**What you are asked to do:** Please output exactly the lines from the one containing "儿童节 彩色 气球 插画" through the end of the records below, leaving out any pictures.

Stored records:
──────

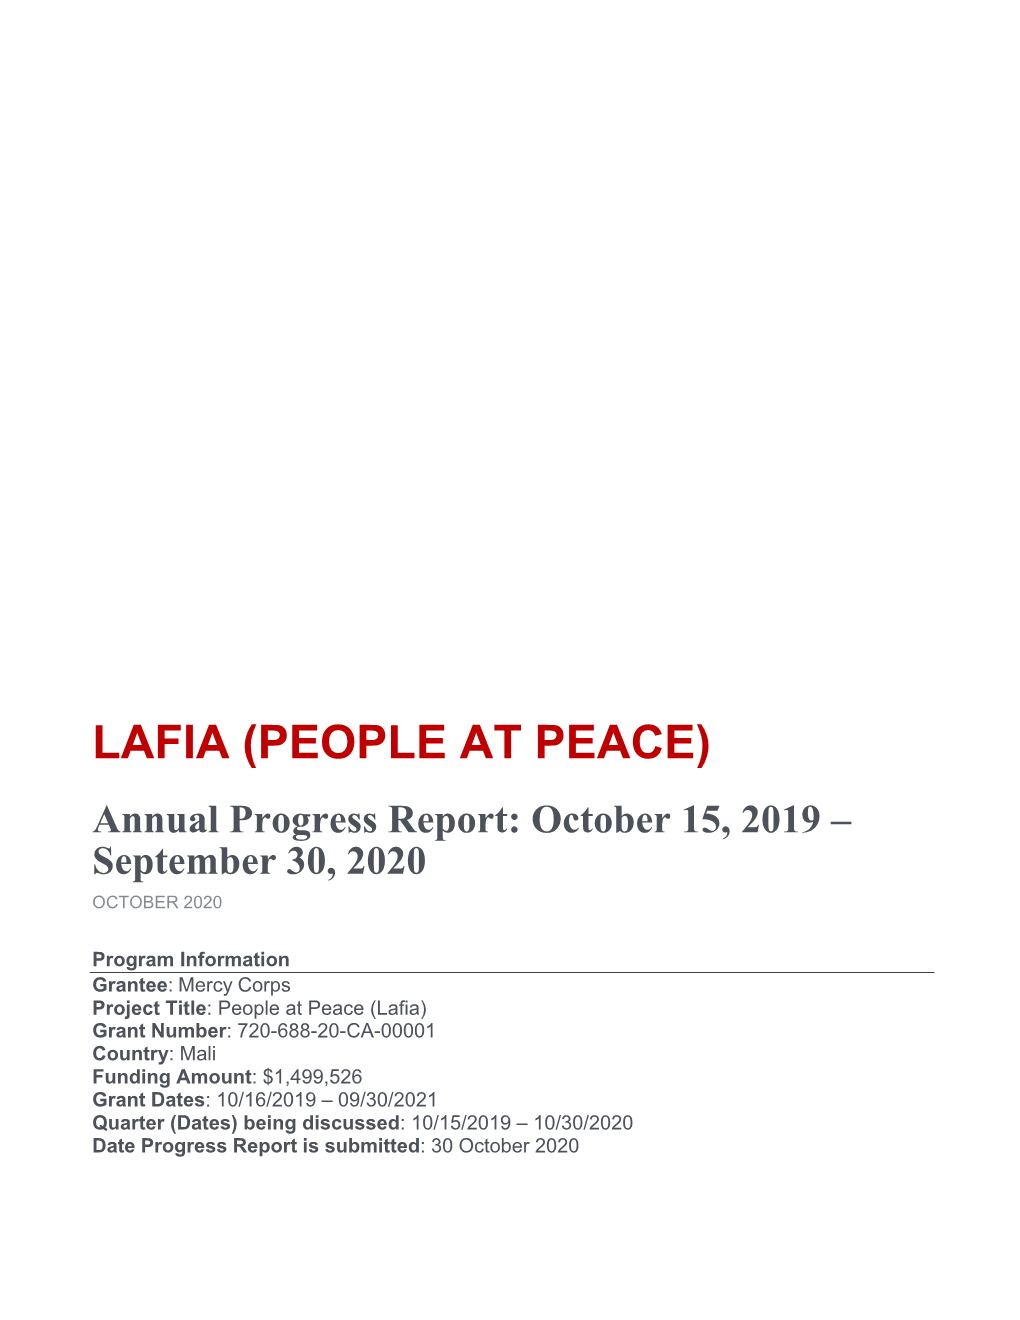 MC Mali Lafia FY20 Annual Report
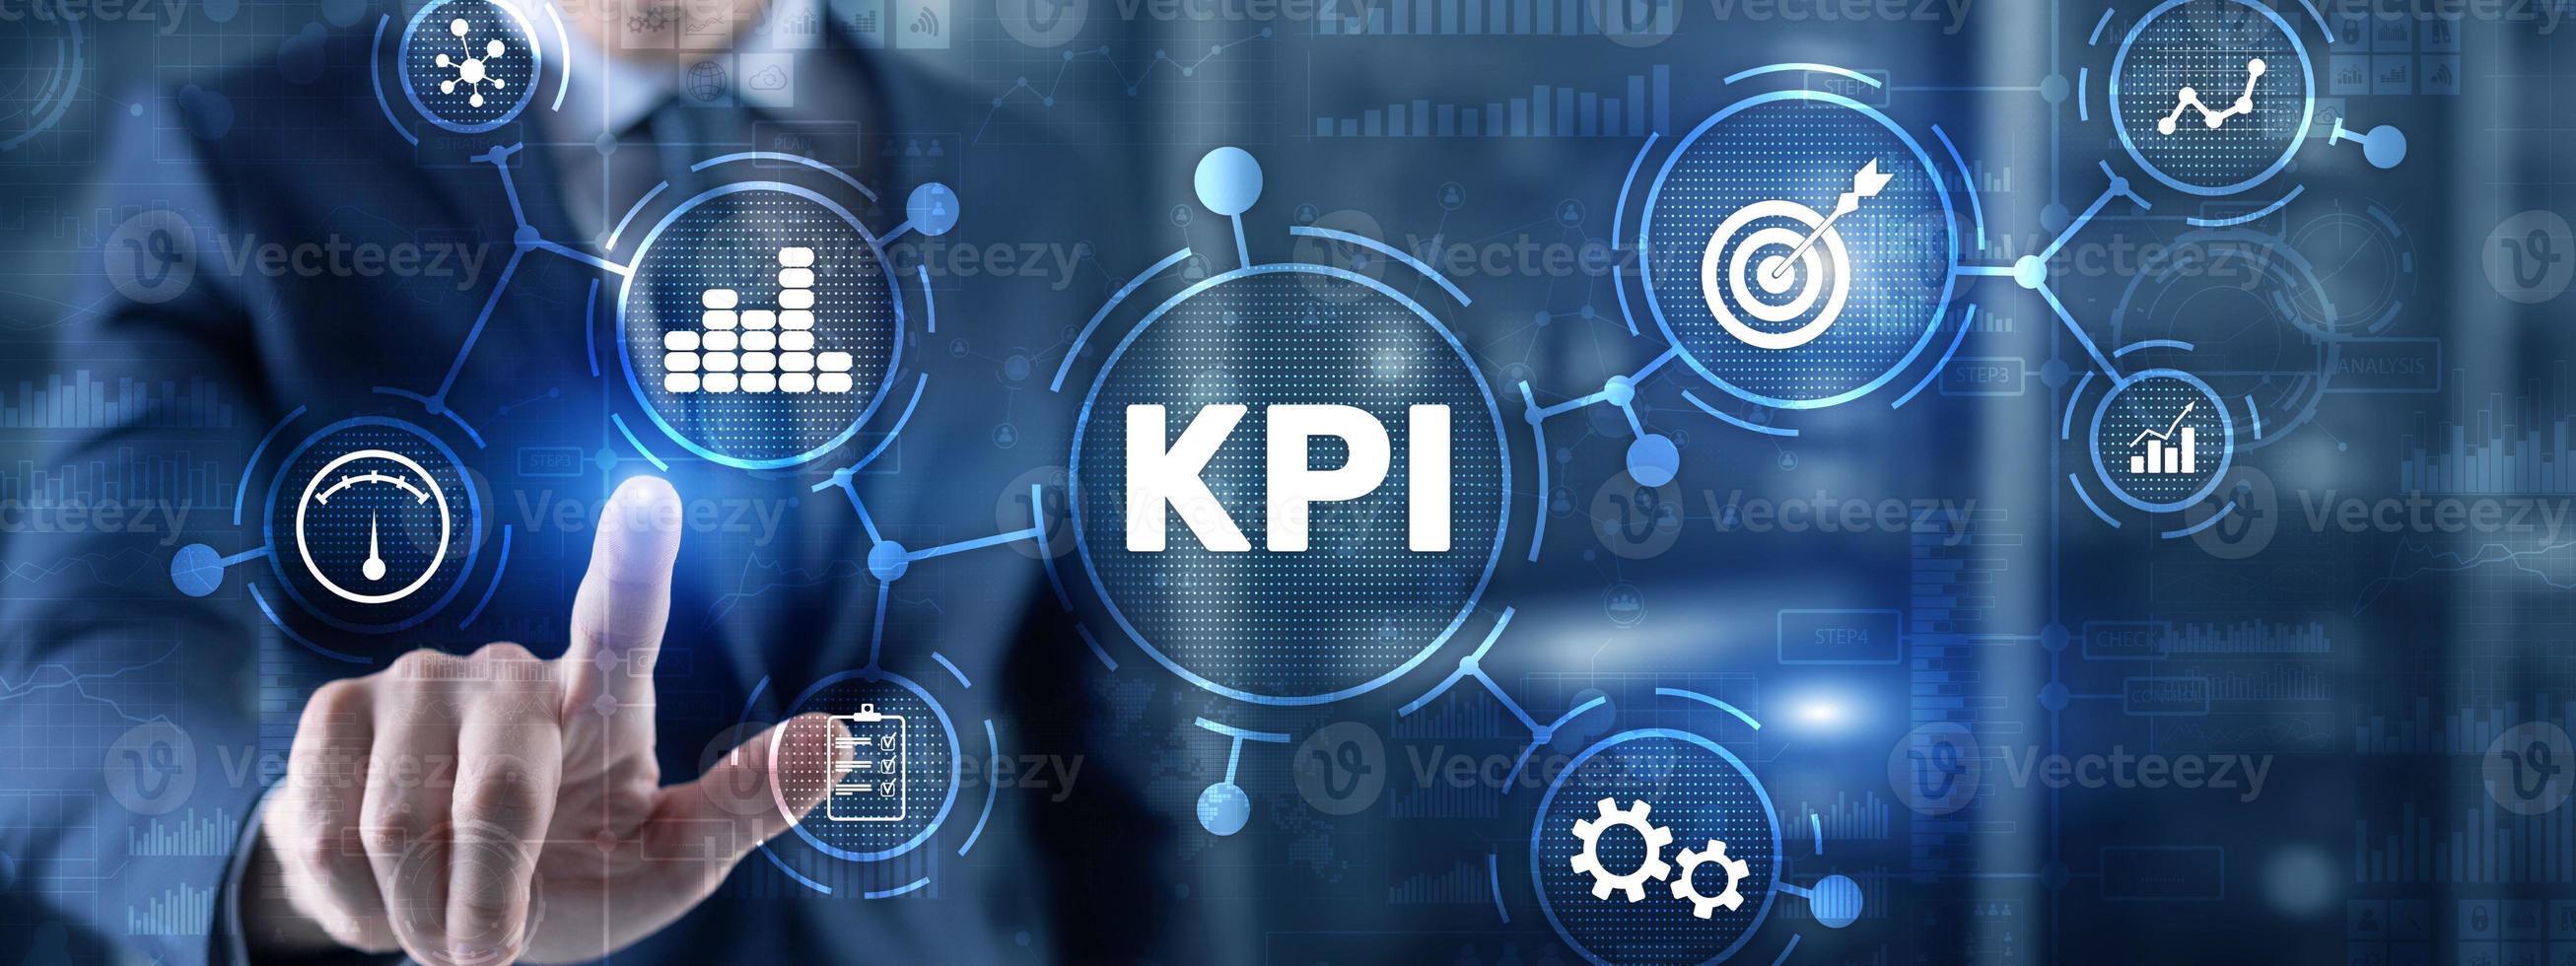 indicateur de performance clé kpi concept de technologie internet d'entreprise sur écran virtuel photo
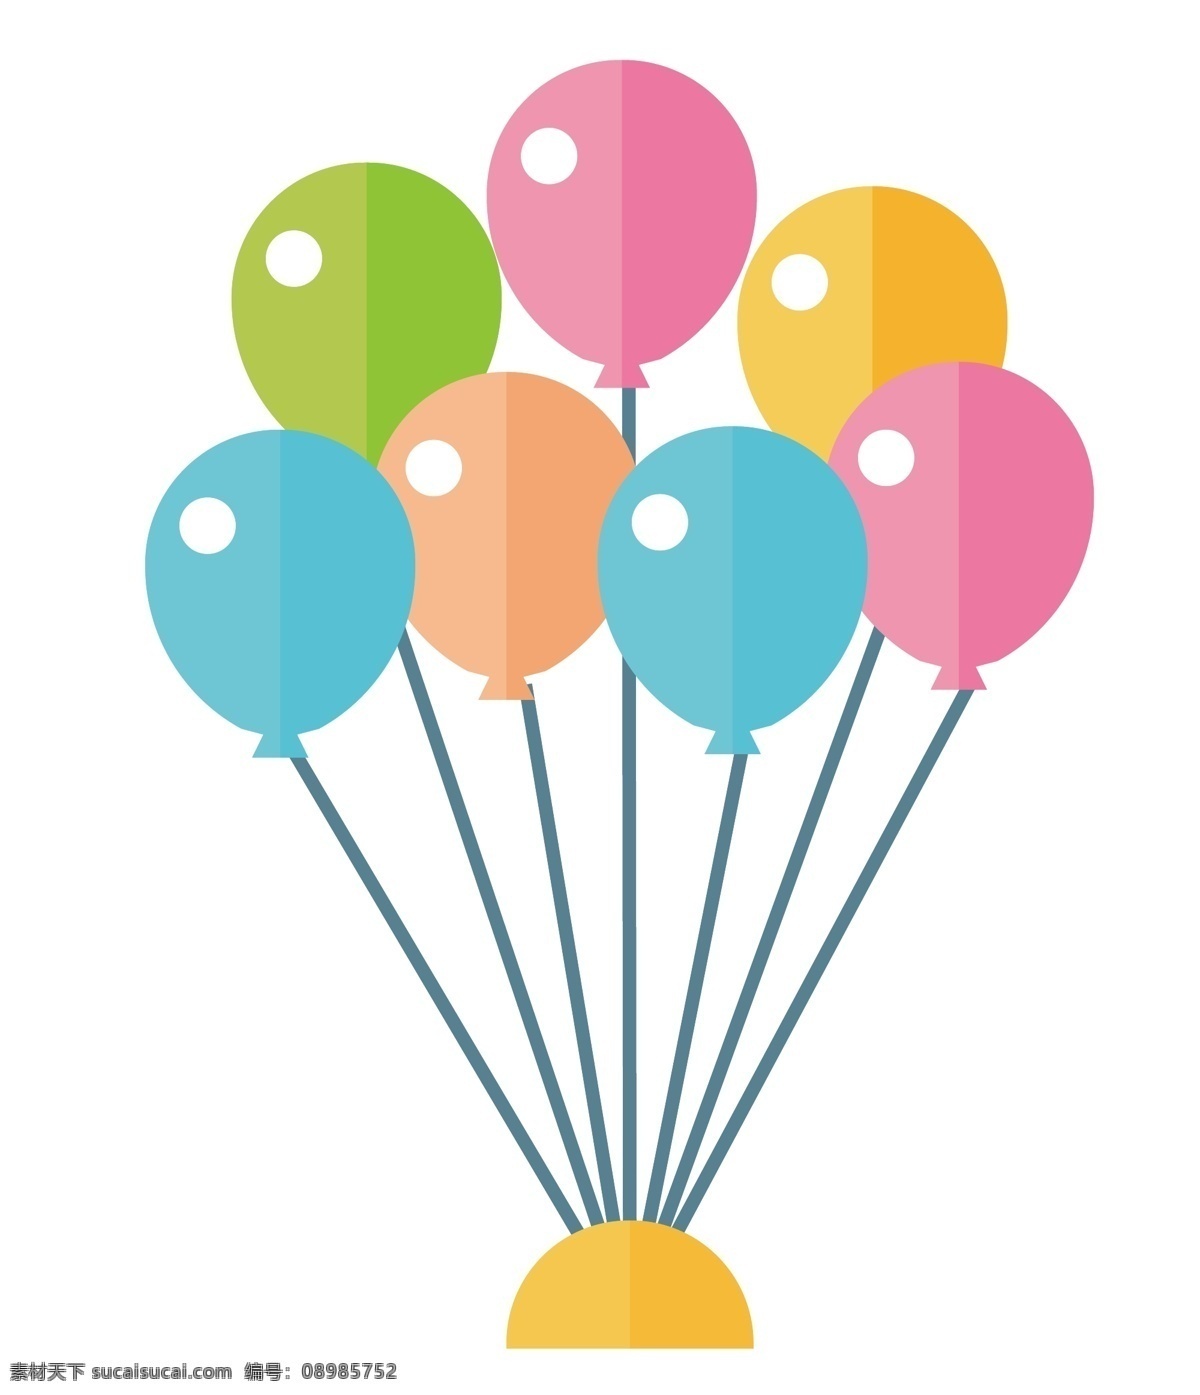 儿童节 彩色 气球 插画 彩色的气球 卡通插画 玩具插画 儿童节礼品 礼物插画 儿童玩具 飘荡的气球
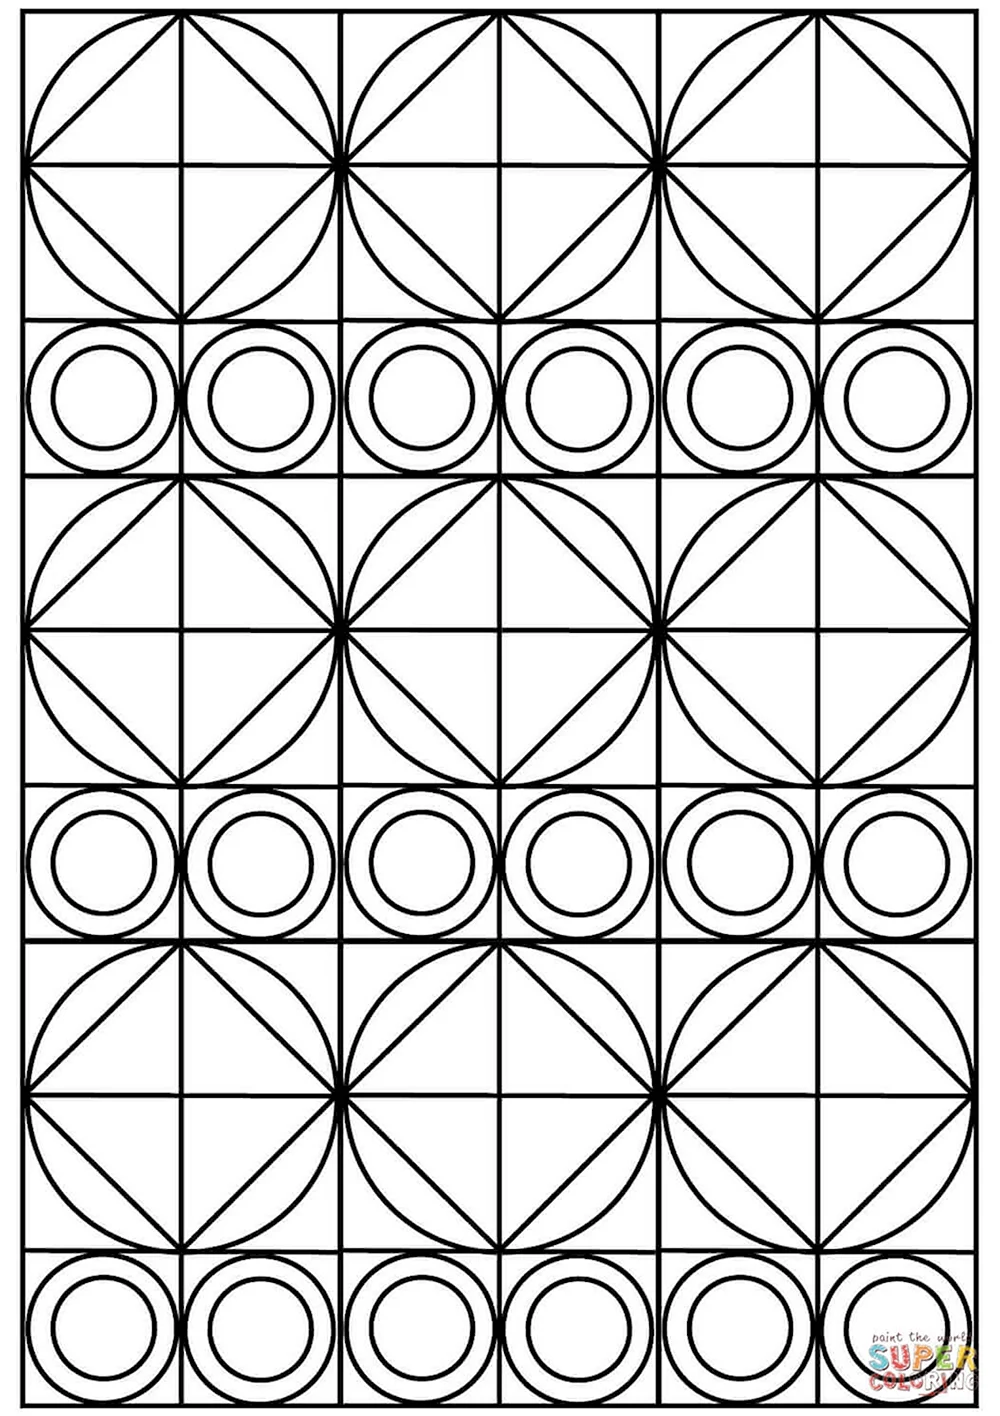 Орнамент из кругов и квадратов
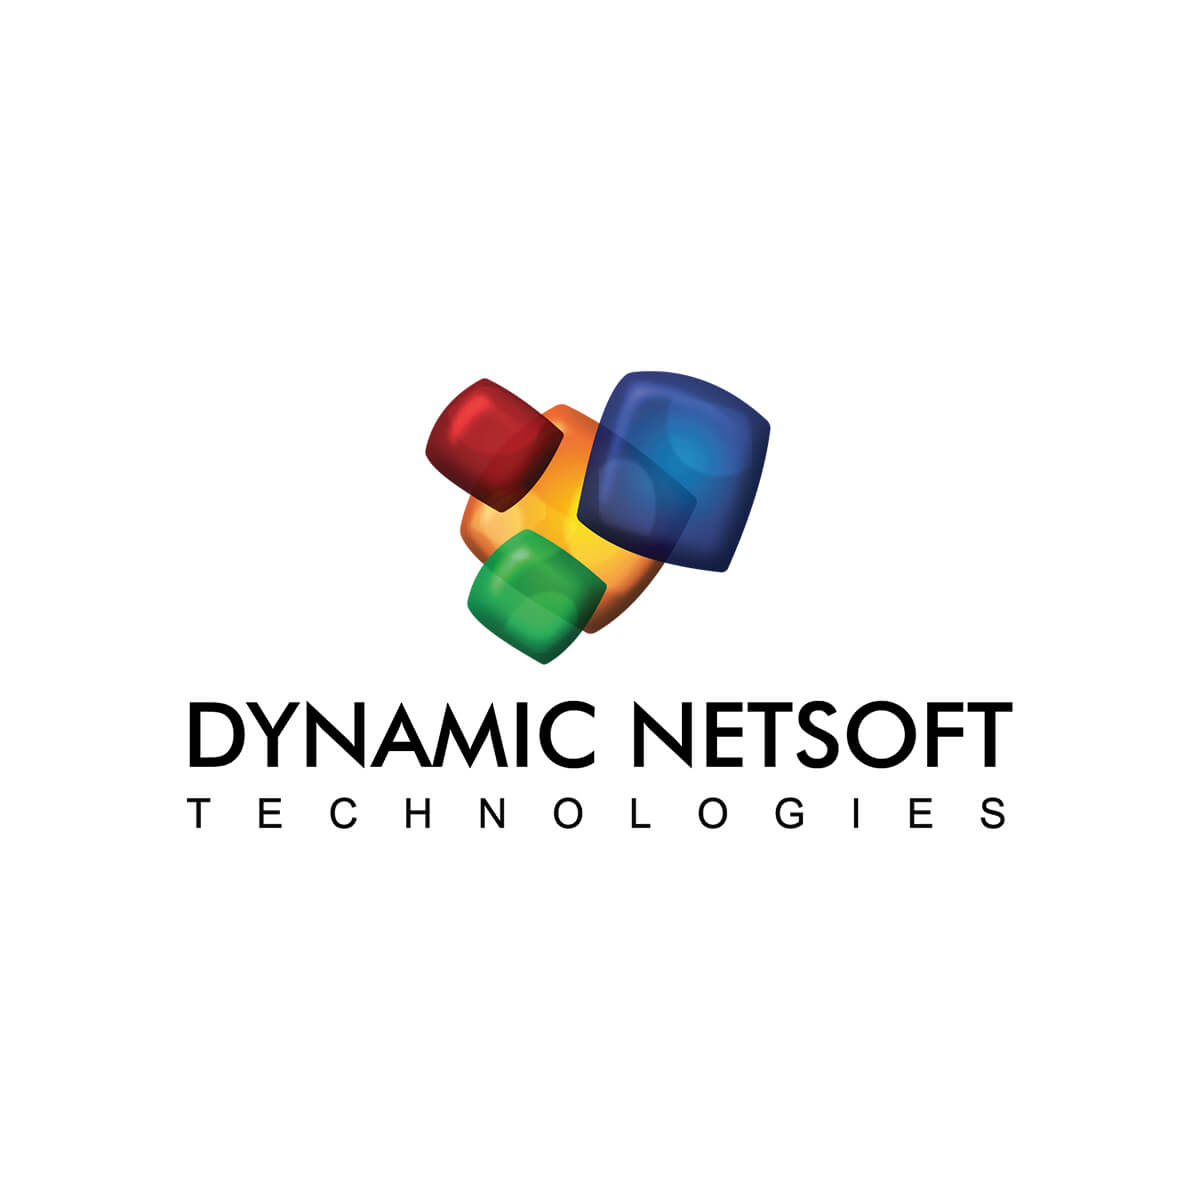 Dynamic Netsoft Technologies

──────

**Answer to the exercise:**
 儿童节 彩色 气球 插画 彩色的气球 卡通插画 玩具插画 儿童节礼品 礼物插画 儿童玩具 飘荡的气球
 Орнамент из кругов и квадратов
 Dynamic Netsoft Technologies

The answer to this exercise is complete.